* EXERCISE DETAILS: Somewhere below is a line with "روغن‌های مختلف مصرفی" and, later, a line with "Celebração aos trabalhadores"; repeat those two lines and all the lines between them, exactly as they are.

* GIVEN ENTRIES:

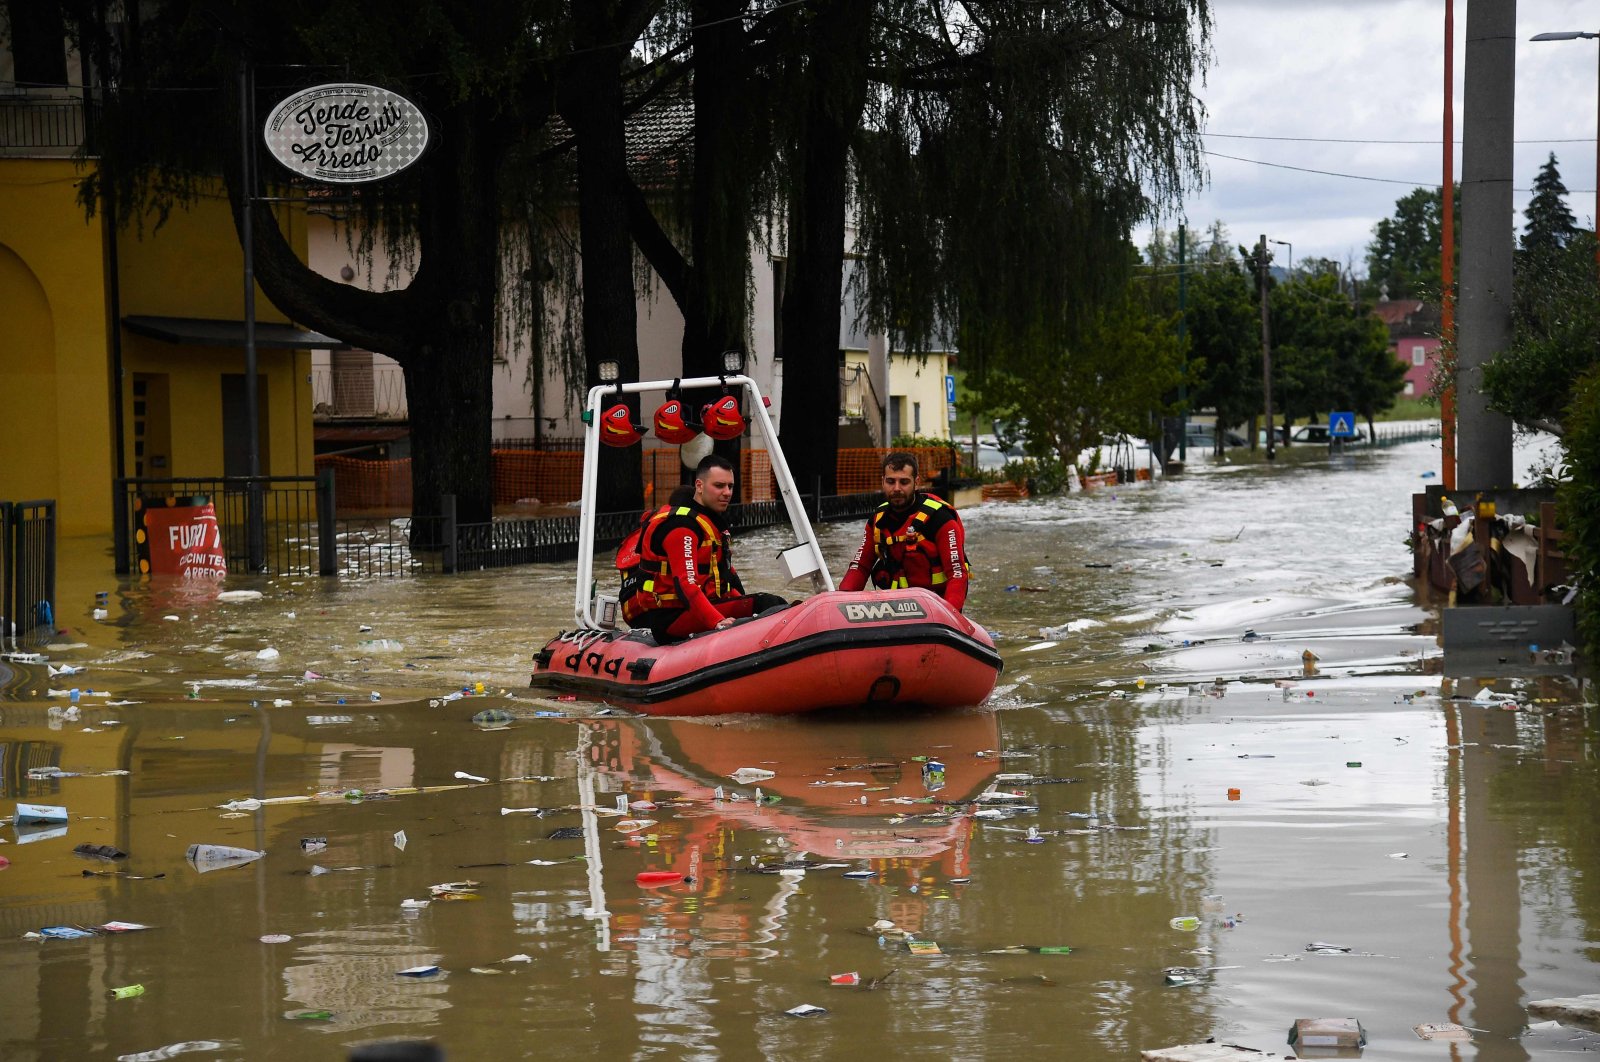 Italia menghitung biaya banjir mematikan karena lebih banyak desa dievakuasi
...
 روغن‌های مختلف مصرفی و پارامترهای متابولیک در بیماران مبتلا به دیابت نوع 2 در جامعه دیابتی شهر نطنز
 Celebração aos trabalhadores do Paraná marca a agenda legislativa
...
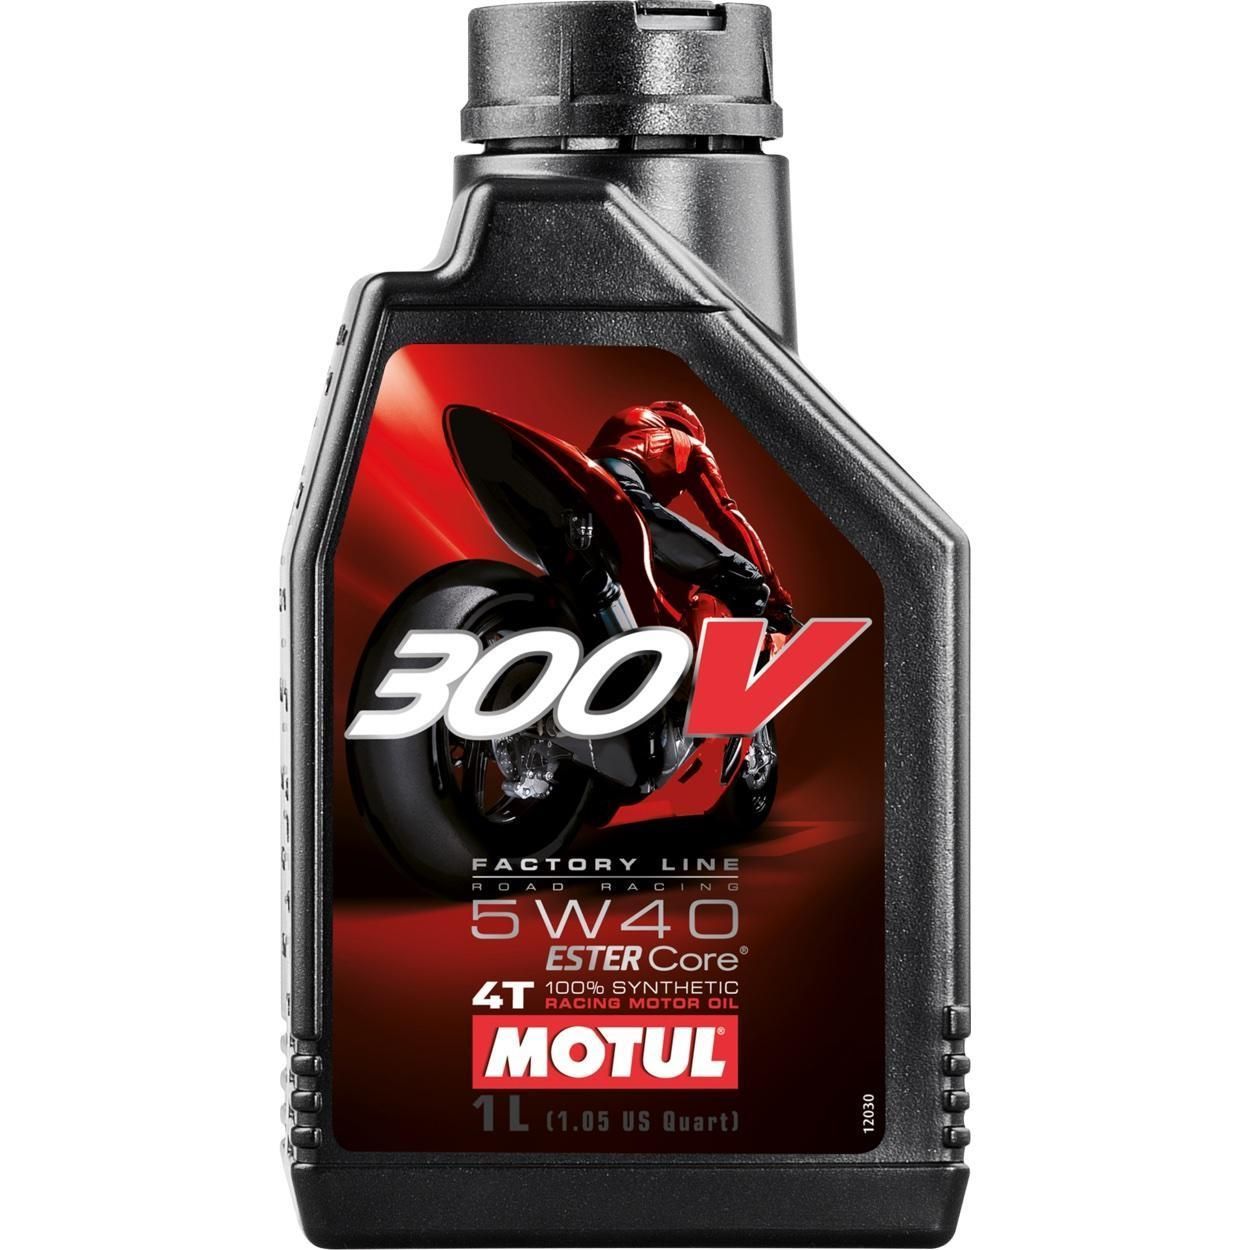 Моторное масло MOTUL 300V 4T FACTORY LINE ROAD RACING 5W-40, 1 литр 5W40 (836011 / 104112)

* OUTPUT OF THE EXERCISE:
 روغن‌های مختلف مصرفی و پارامترهای متابولیک در بیماران مبتلا به دیابت نوع 2 در جامعه دیابتی شهر نطنز
 Celebração aos trabalhadores do Paraná marca a agenda legislativa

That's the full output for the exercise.